Monero and Zcash jump on the week
Most of the “big” cryptocurrencies have seen very measured gains over the past week. Bitcoin (BTC) posted a meager +0.4%, Ether (ETH) was at the same point with +0.7%, and Binance’s BNB even fell -1.8%.
But against this, the anonymous altcoins Monero and Zcash seem to be in notable form. Over the last seven days, XMR has shown +19%. The jump in ZEC is even more pronounced, with a +49.5% increase over the same period.
This pushes the capitalizations of the two crypto currencies back up into the top 100, with Zcash now sitting in 62nd place, with a capitalization of $1.8 billion and Monero is 38th, with $3.3 billion.
According to data published by Cryptoslate, the trend is also observable among all the privacy coins. Their combined market cap thus shows an increase of +12.9% over the last seven days.
How to explain these progressions?
Since the crypto community is particularly fickle, anonymity altcoins were not especially making headlines in recent months, and their prices had tended to fall. So how can we explain this renewed interest in Zcash and Monero?
We can only speculate, of course, but it is likely that the traceability of “classic” crypto-currencies has been particularly highlighted in recent weeks. Economic sanctions against Russia have been discussed, and with it the idea that crypto-currencies are overall too traceable to be used by Putin. So the appeal of ZEC and XMR is perhaps a reaction to this awareness of the transparency of major blockchains.
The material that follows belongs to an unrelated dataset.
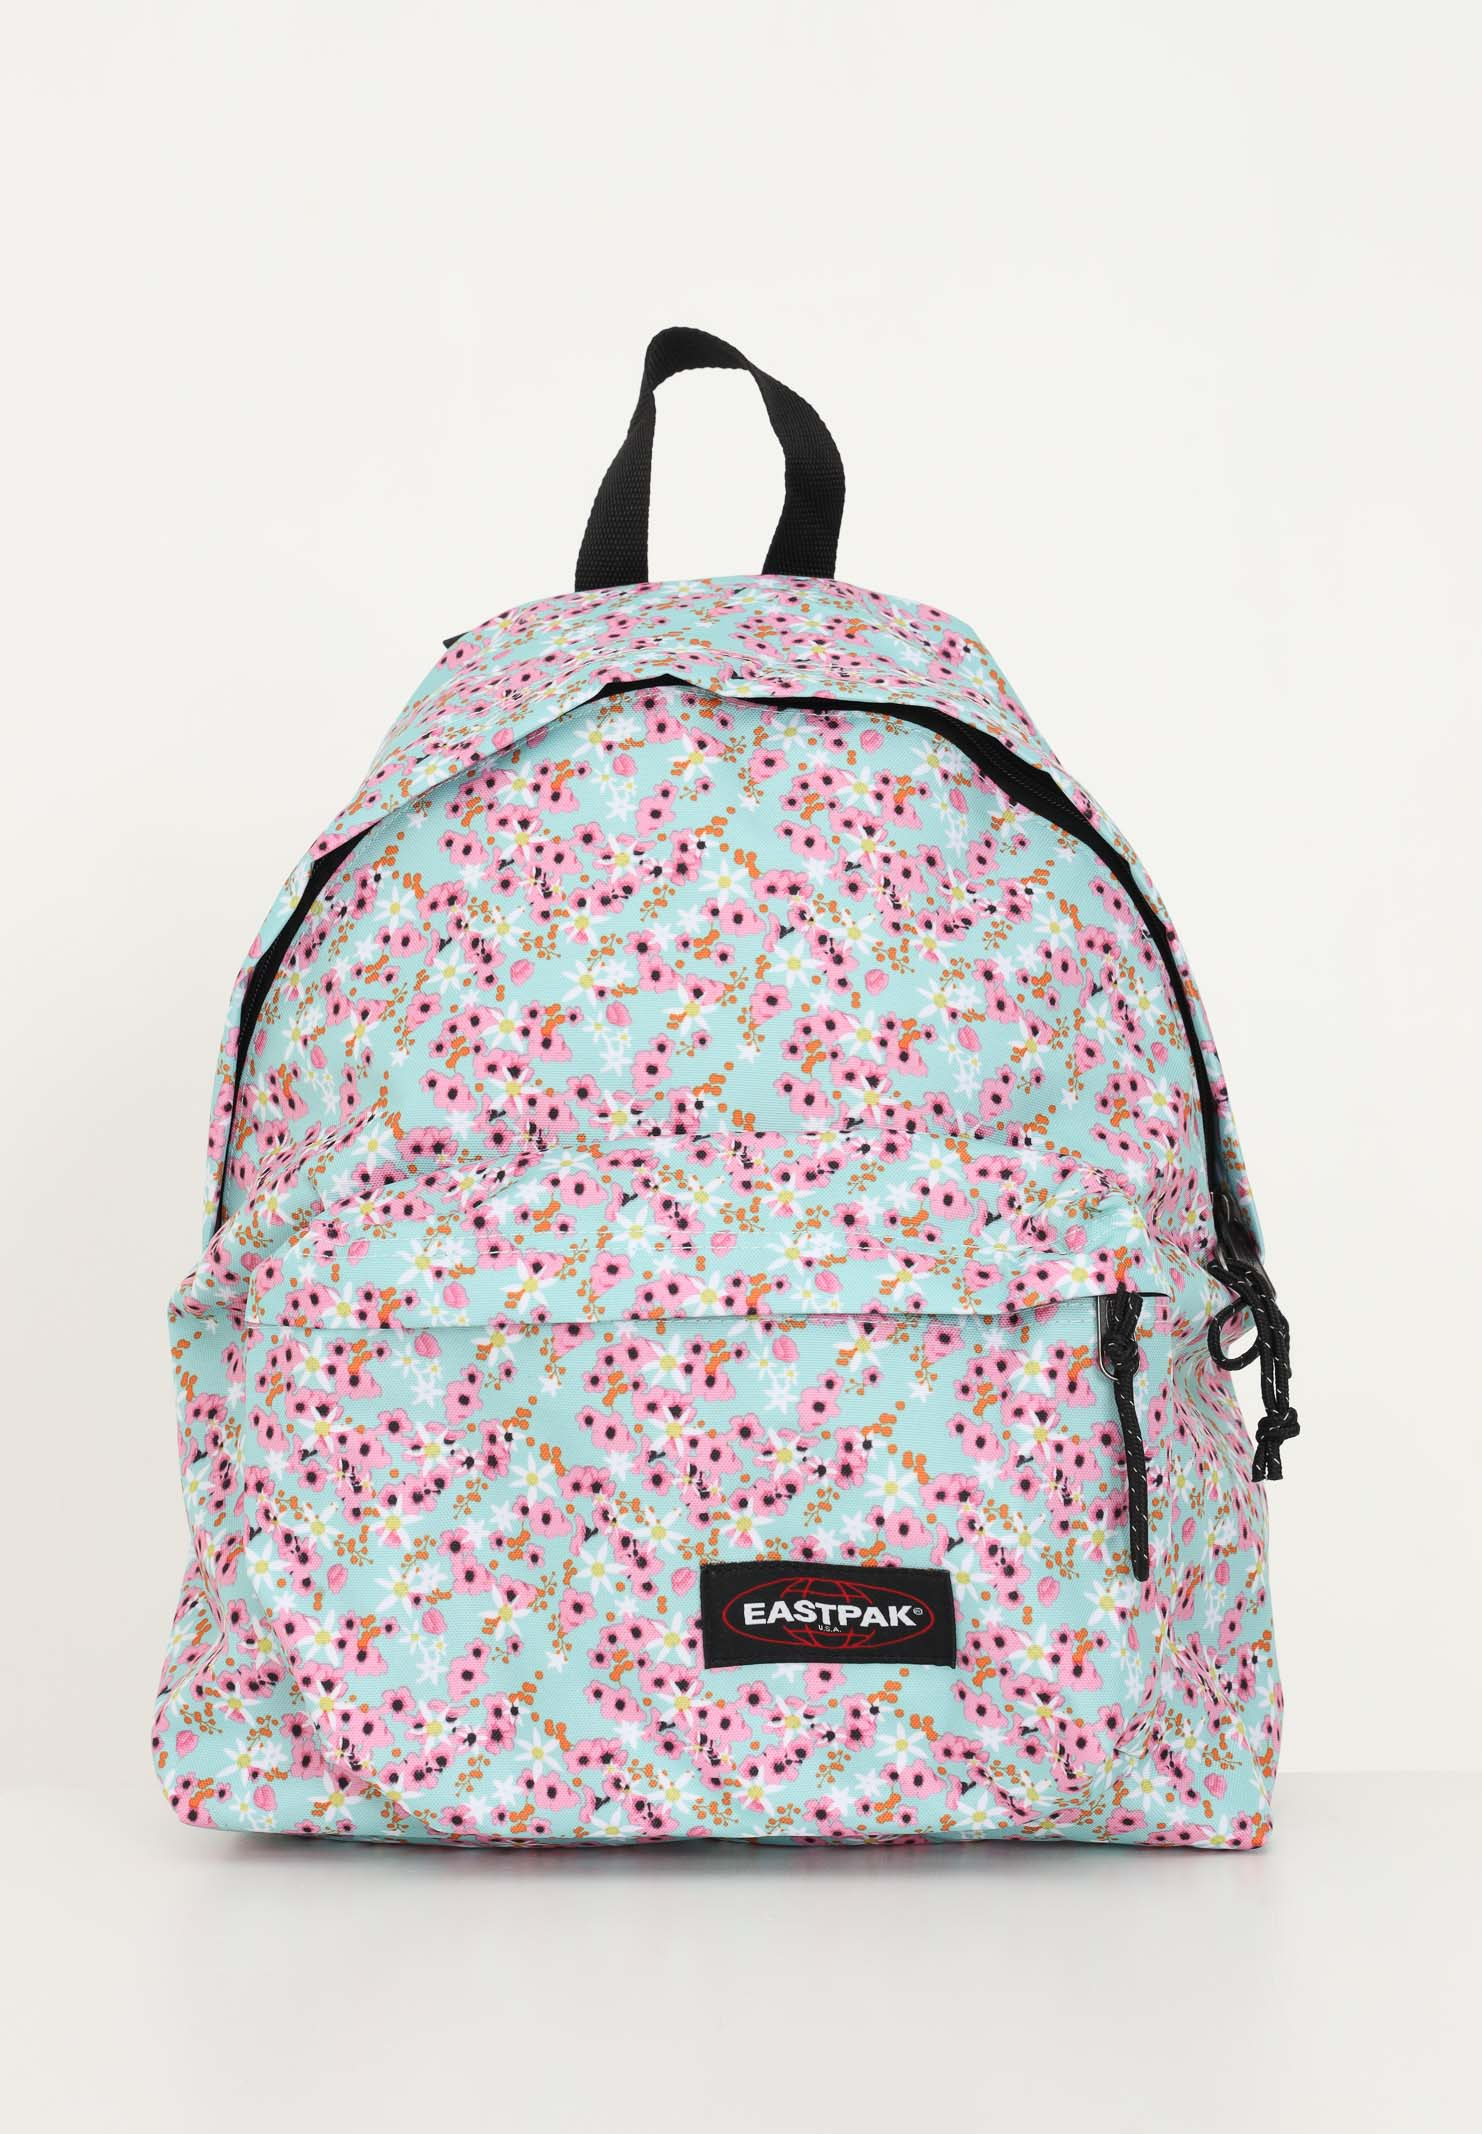 Eastpak Backpack Floral Pattern

We can also mention the continued attention of regulators, who are keeping a closer eye on crypto-assets at the moment. Today, the MiCA regulation is expected to be voted on at the European level, and the supervision of the mining sector is a concern, while it is still unclear how the new rule could be enforced.
The situation in Ukraine has also shown how easy it is to block funds on centralized platforms. Proof of this was Coinbase, which just last week blocked 25,000 Russian-owned addresses.
Although the crypto community has overwhelmingly supported Ukraine, it is therefore concerned about the fallout of the situation on the ecosystem as a whole. Several politicians have indeed taken advantage of the concerns to push for stricter regulation of cryptocurrencies, even though Putin has shown no signs of using them.
Could anonymity altcoins then move forward, and attract new investors? That remains to be seen, but this week tends to indicate that they are of interest, at least to a fraction of the crypto community.